Updated 23 November 2025

Binary Spiking Online (BSO) is an online training approach that directly updates binary weights, eliminating the latent weight storage bottleneck.
Its novel flip-signal mechanism and momentum tracking enable sign-based updates with provable sublinear regret, ensuring efficient performance.
Temporal-aware BSO (T-BSO) adapts flip thresholds to spiking dynamics, achieving competitive accuracy and memory scaling across vision, neuromorphic, and audio tasks.

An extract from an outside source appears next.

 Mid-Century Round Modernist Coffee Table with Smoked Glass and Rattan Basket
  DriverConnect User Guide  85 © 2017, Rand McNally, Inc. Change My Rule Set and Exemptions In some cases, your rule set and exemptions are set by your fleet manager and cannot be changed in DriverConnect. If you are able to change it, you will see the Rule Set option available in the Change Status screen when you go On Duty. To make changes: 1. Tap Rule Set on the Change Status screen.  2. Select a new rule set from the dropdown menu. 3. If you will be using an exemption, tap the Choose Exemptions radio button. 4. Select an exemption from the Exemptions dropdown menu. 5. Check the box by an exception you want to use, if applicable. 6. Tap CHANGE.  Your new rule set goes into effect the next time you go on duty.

The Binary Spiking Online (BSO) optimization algorithm is an online training method for Binary Spiking Neural Networks (BSNNs) designed to minimize the memory overhead inherent to conventional training methods. BSO eliminates the need for latent real-valued weight storage by directly updating binary weights through a novel flip-signal mechanism, resulting in efficient memory utilization suitable for resource-constrained systems. An extension, Temporal-aware BSO (T-BSO), adapts these flip conditions to the temporal dynamics of spiking models, further enhancing performance. Both algorithms feature provable convergence guarantees (sublinear regret bounds) and exhibit competitive or state-of-the-art accuracy and resource scaling across vision, neuromorphic, and audio benchmarks (Liang et al., 16 Nov 2025).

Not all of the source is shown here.